ЭТО БЫЛА МОЯ ЗЕМЛЯ. Мои степи, леса, мои горы. Моя история, поэзия и проза. Что с того, если я так и не поехал в горный аул Ведено? Не увидел воочию Валерик? Эти незнакомые мне места тоже были мои родные, вошли в мою судьбу навсегда. Может быть, гребенские казачьи станицы теперь станицы только по названию. Может быть, в далеком горном ауле проклинают сегодня русское имя, русскую речь. Все впереди. Будет Россия, о которой годами не ведали, только едва догадывались, русский ли, горец, и мы еще посмотрим. Что бы ни происходило с нами в нашу смутную пору, мы и сегодня узнаем эту былую, эту грядущую Родину в лицах своих солдат, воюющих в Чечне.

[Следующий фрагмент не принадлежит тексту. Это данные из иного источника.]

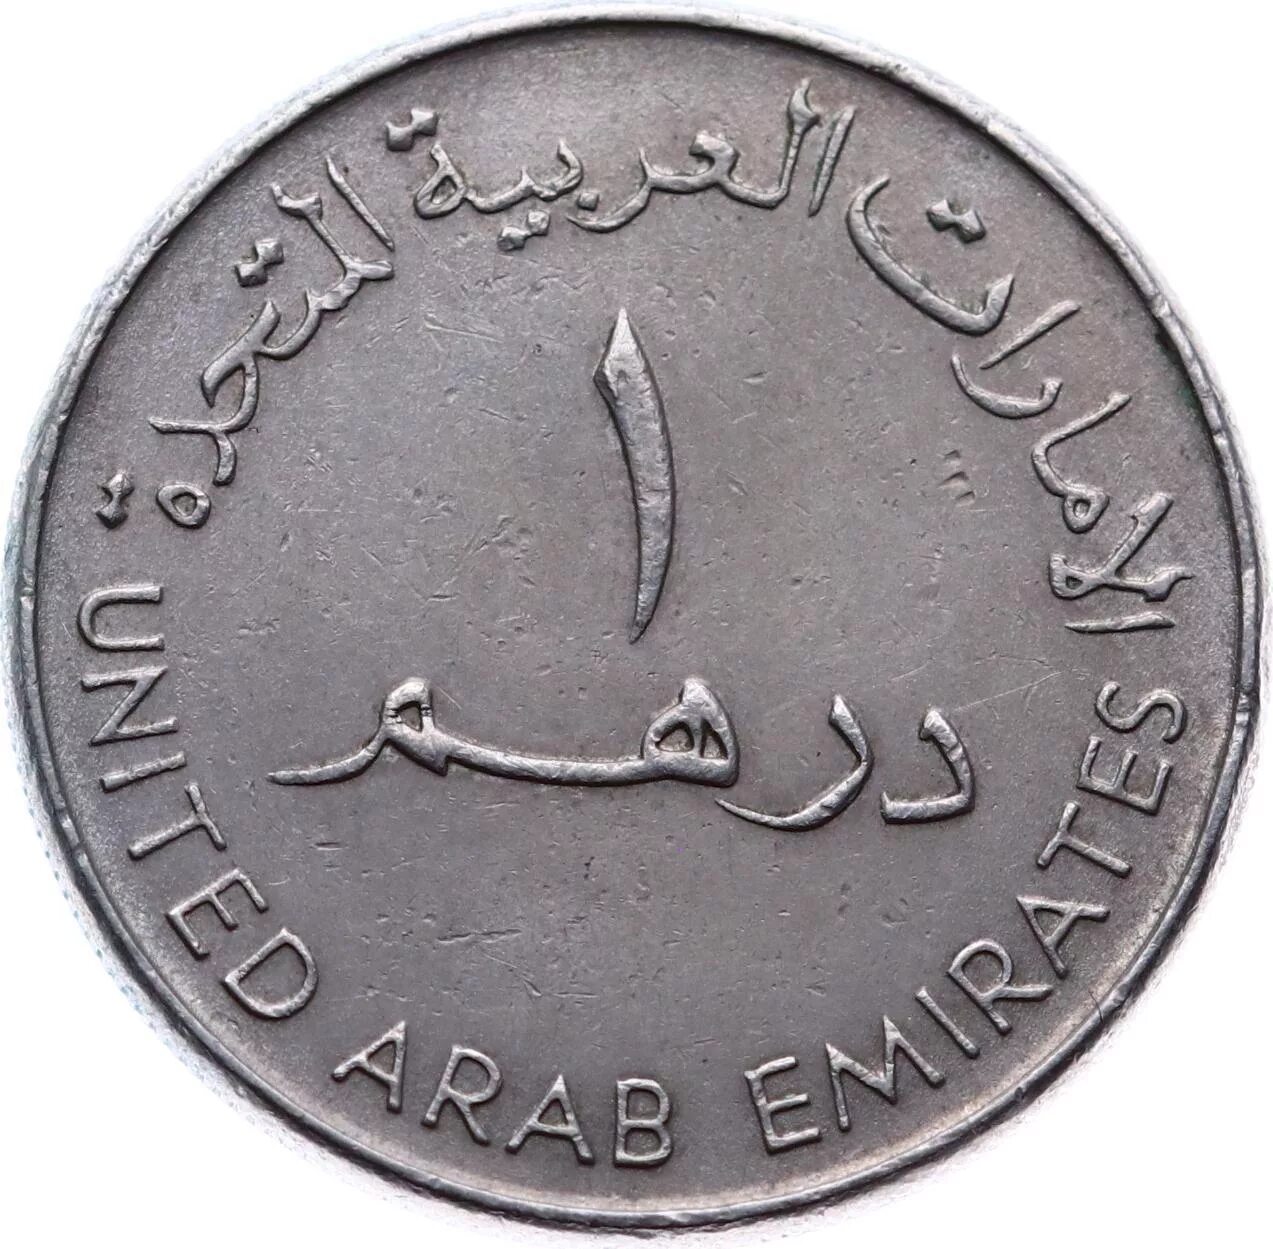 130 дирхам. Монета United arab Emirates 2007 1428. Arab Emirates монета. United arab Emirates монета 1. Монета United arab Emirates 1993-1998.
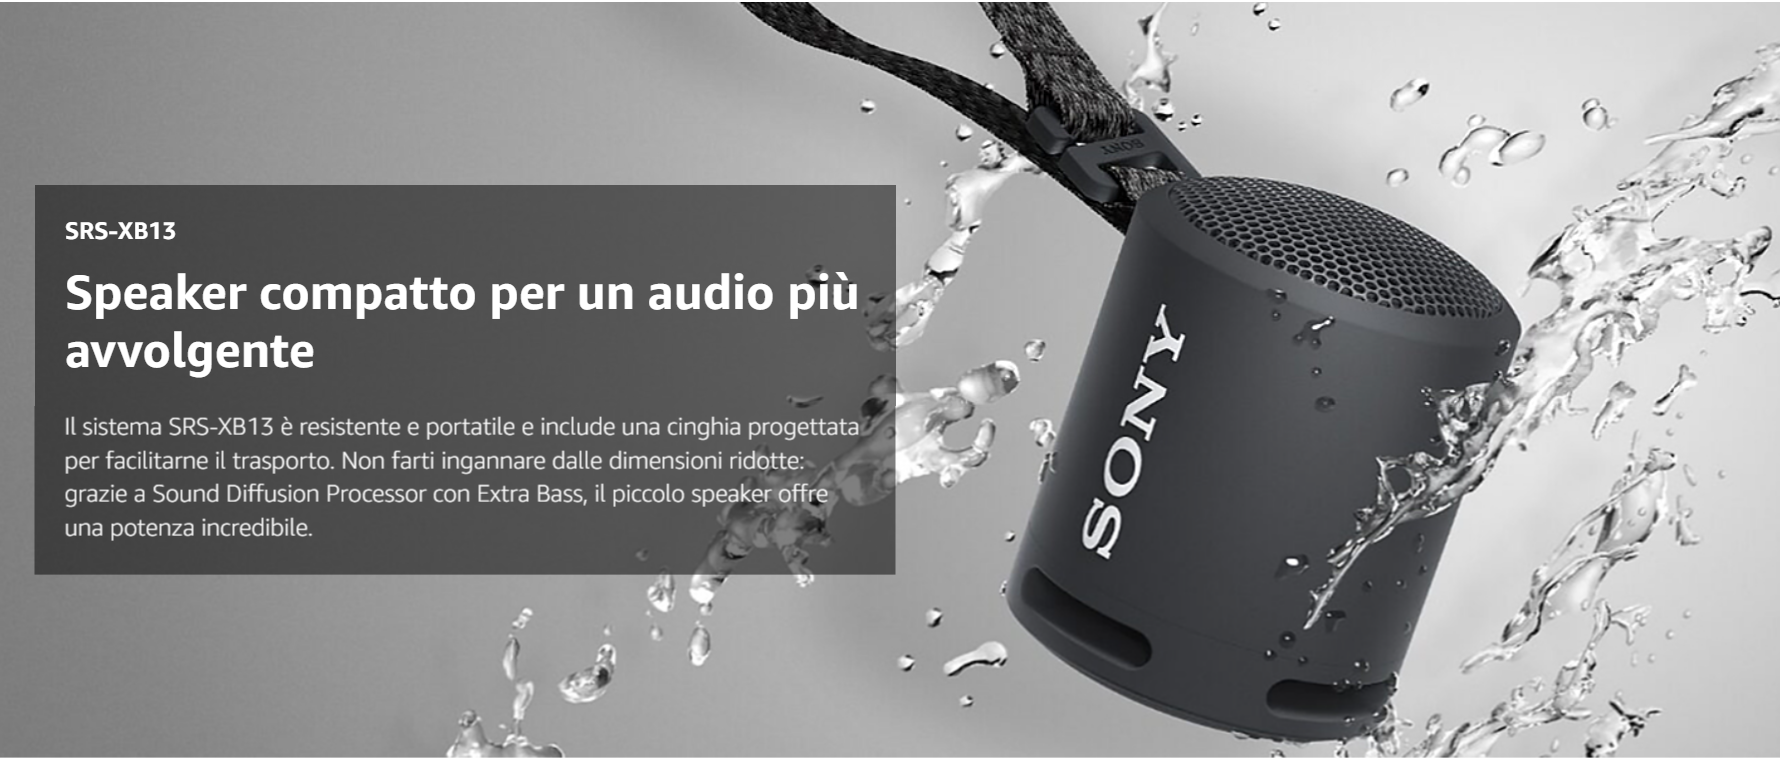 fantastico-speaker-sony-srs-xb13-sconto-45-amazon-design

Не так давно по радио передали: последний директор нашего музея — чеченец, которого знали и мы, сумел там все сохранить от полного разорения. Еще раньше по телевидению прошли кадры: начальник российского Генерального штаба встречался с населением Старогладковской. Как показалось из мимолетной телевизионной картинки — на той самой площади, стоя на пороге музея Толстого.